Write a quadratic equation that has 5 + 2i as one of its roots.

Can someone show me a step by step method on solving the above problem.

2. Originally Posted by cityismine
Write a quadratic equation that has 5 + 2i as one of its roots.

Can someone show me a step by step method on solving the above problem.

0 = (x - [5 + 2i])(ax + b) where a and b are any numbers you please ......

However, if you want your equation to have real coefficients, then

$0 = (x - [5 + 2i])(x - [5 - 2i]) = ([x - 5] - 2i)([x - 5] + 2i) = [x - 5]^2 + 4 = ........$

3. Mr. fantastic can you explain the second method of "real coefficients" a bit more thoroughly. I'm still a little confused how you got the initial equation.

4. Originally Posted by cityismine
Mr. fantastic can you explain the second method of "real coefficients" a bit more thoroughly.
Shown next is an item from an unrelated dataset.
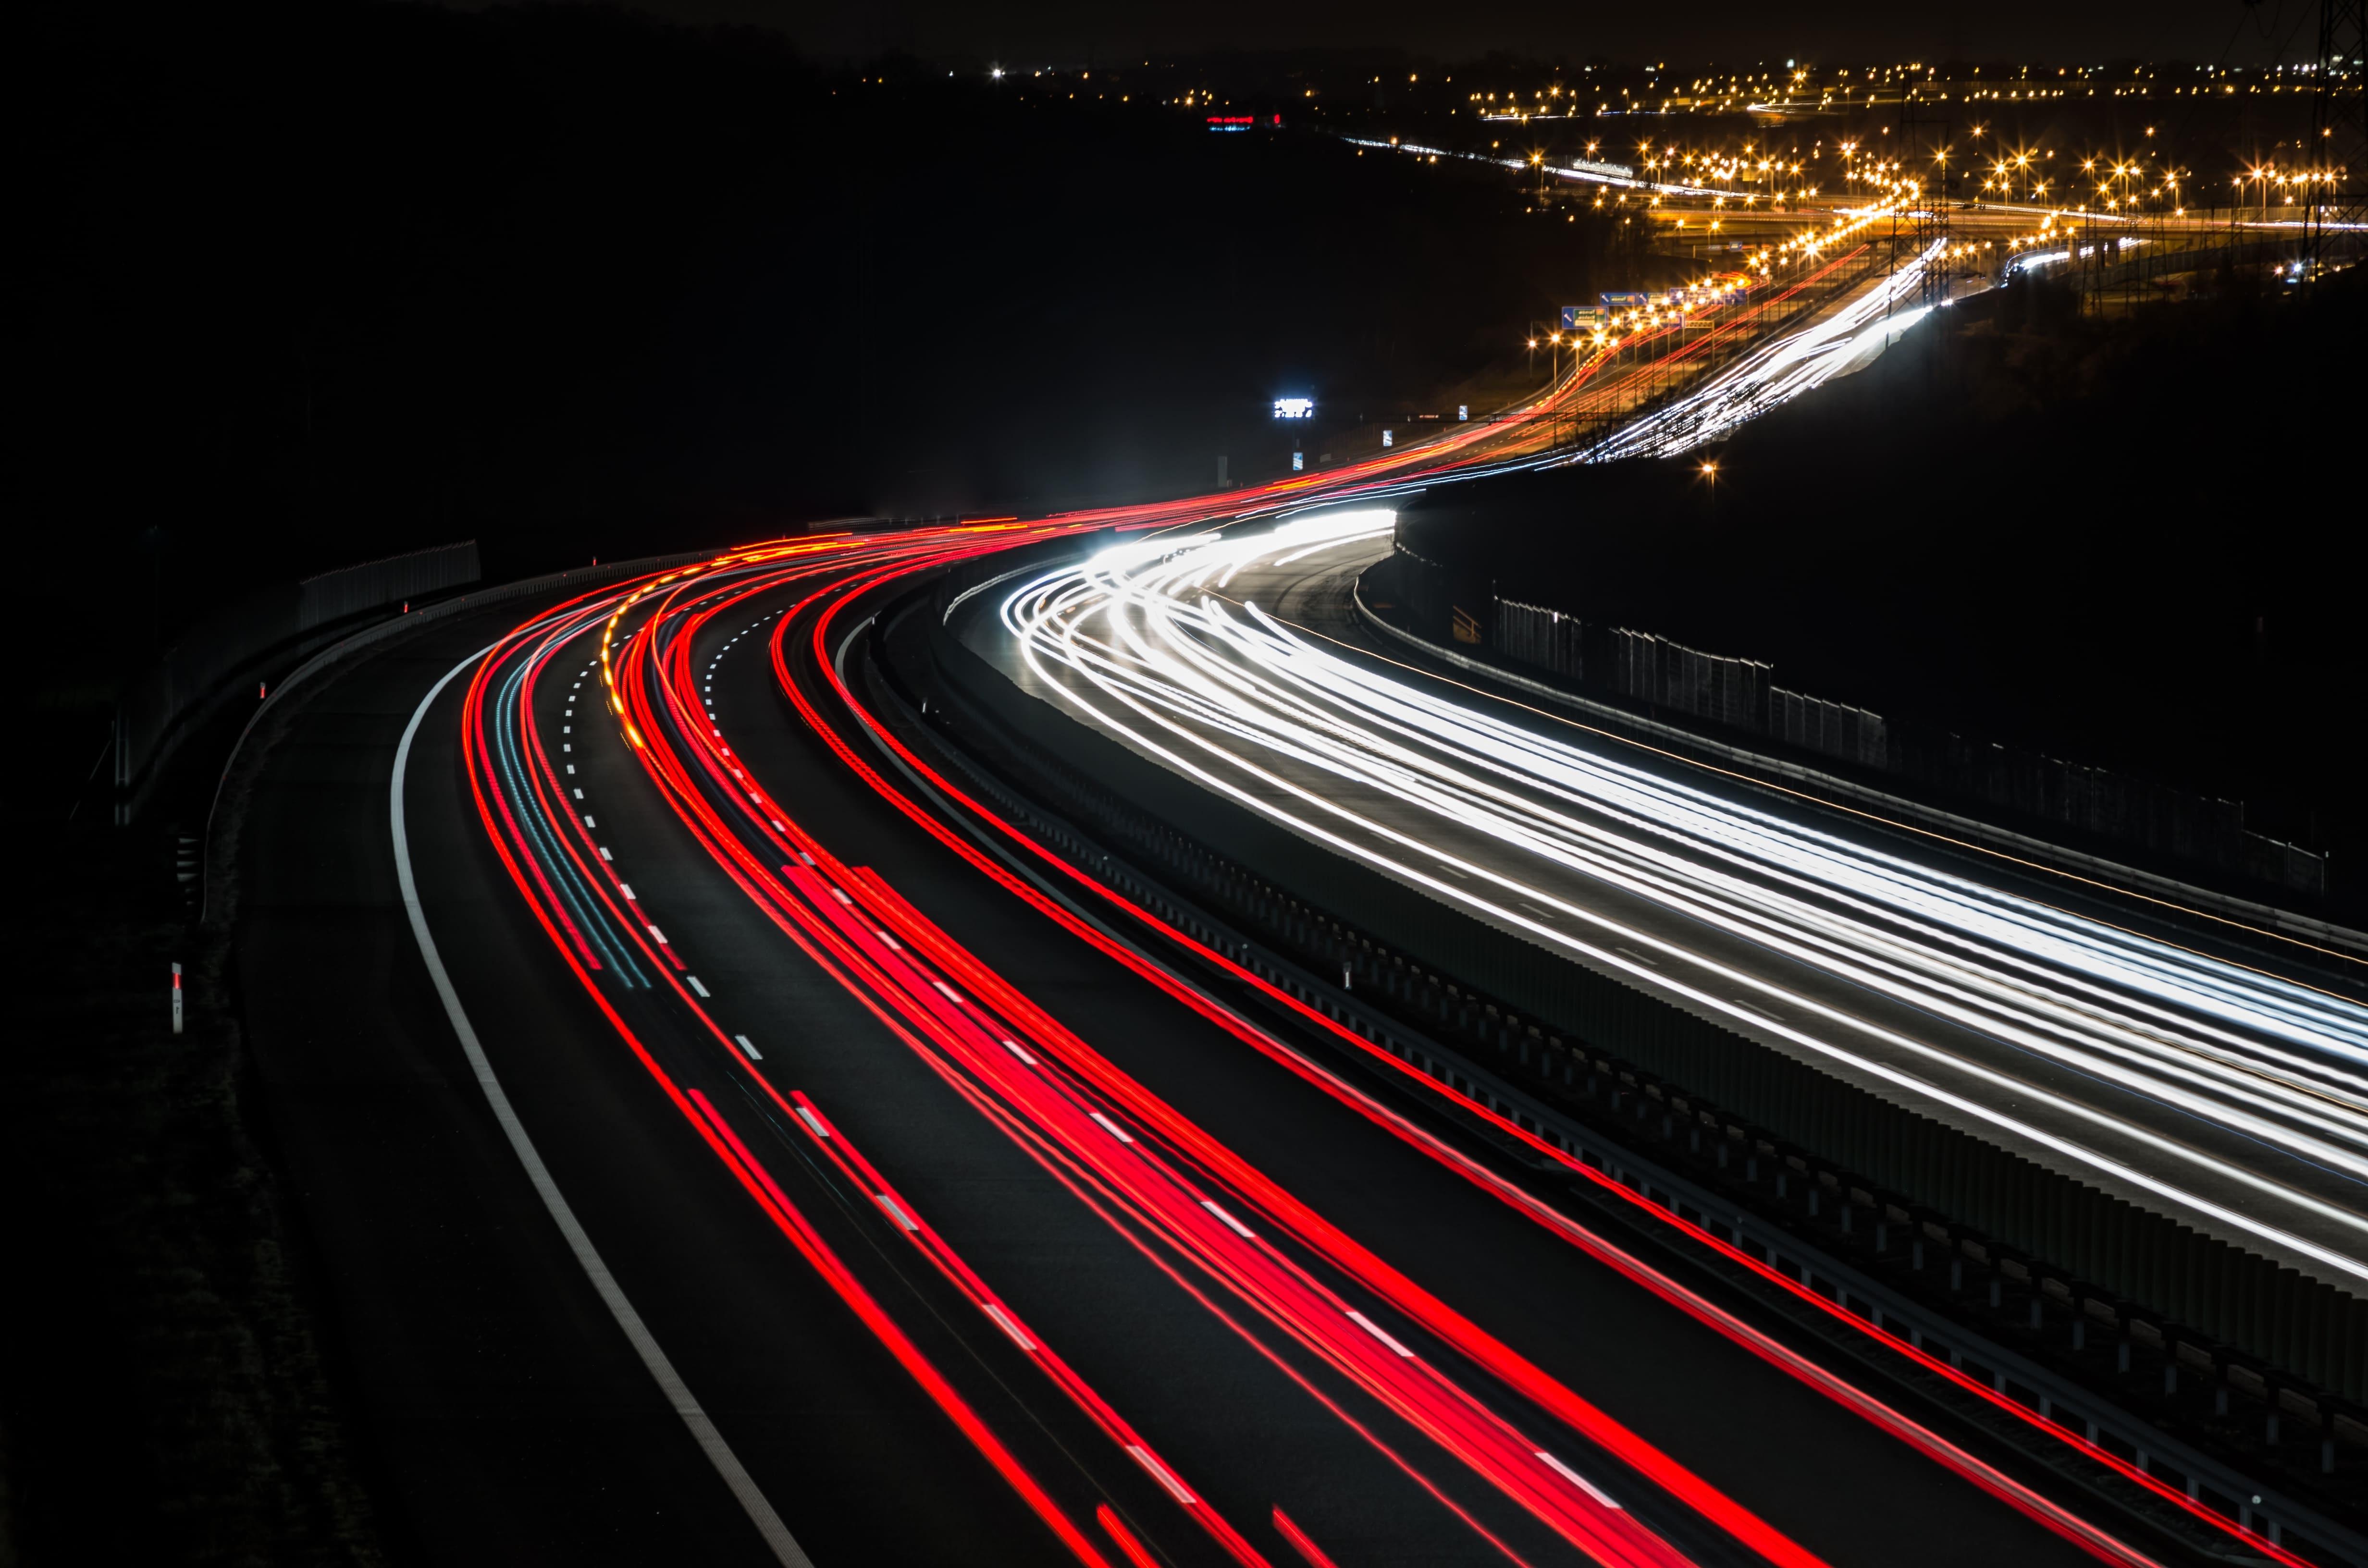 「ポルシェ」の中古車を自社ローンで購入した方の車両価格相場と口コミ(体験談)

I'm still a little confused how you got the initial equation.
The only way to make disappear such a complex number is to multiply by its conjugate.

Let $\bar{z}$ be the conjugate of z.

$(x-z)(x-\bar{z})=x^2-x(\underbrace{z+\bar{z}}_{\text{real number}})+\underbrace{z \cdot \bar{z}}_{\text{real number}}$

See why these are real numbers by noting that $z=a+ib$ (therefore, $\bar{z}=a-ib$)